I don’t know how to think about imagination apart from consciousness. What do we mean when we say someone is “imaginative?” My daughter is – she makes things up, she pretends in great detail and creates a world that never actually “happens” in time and space as we know it. That seems to be the realm of what we call “ fiction” writers and it’s a world I can’t imagine for myself. In my daughter’s un-pretend world she delights in wondering how or why and what if — that’s imagination too, of course. And that’s more the kind of imagination that might come into my poems. Consciousness seems to be the word I’d favor — which is made up of so many aspects: memory, desire, stored knowledge, wonderings, image-making — and all the connections that occur in the act of writing. But all of this that we are trying to talk about is fluid, ephemeral — ever passing and changing — clouds crossing an October sky.
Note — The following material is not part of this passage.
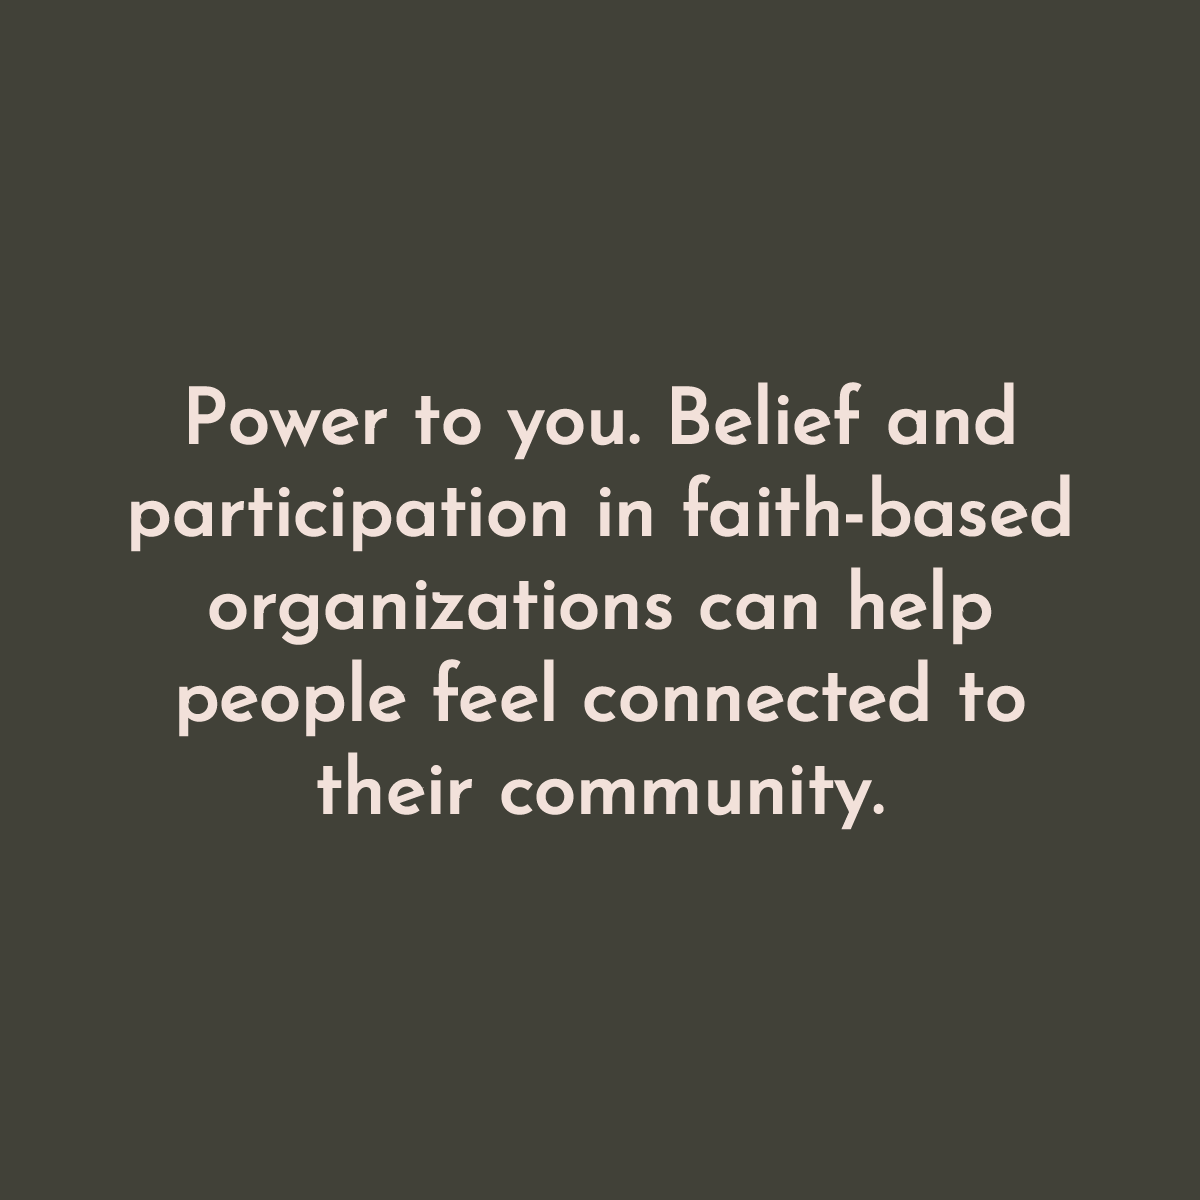 Power to you. Belief and participation in faith-based organizations can help people feel connected to their community.

The miracle of writing is that in doing it something can occur that hasn’t happened yet. But I don’t know how to talk about what that is in words.

You have said that you are interested in the metaphysical. How do you define the metaphysical?

I am interested in the experienced world — the world of clinking cutlery and the barking dog, and what people say when walking along the sidewalk – the physical world we’d call it but I don’t see that world as separate from the metaphysical.

Metaphysical refers to what might be beyond that which we can discern with our senses.

But even the world beyond isn’t quite right, is it?

What did Blake say? “Man has no Body distinct from his Soul; for that call’d Body is a portion of the Soul discern’d by the five senses, the chief inlet of Soul in this age.” Sometimes it seems that the physical world is — the partial expression — of whatever else that is that we can’t discern. A ruffle, a spine breaking the surface, a wave. Because we have only five senses we can only see some of it — but we are it as well. And so there’s no division.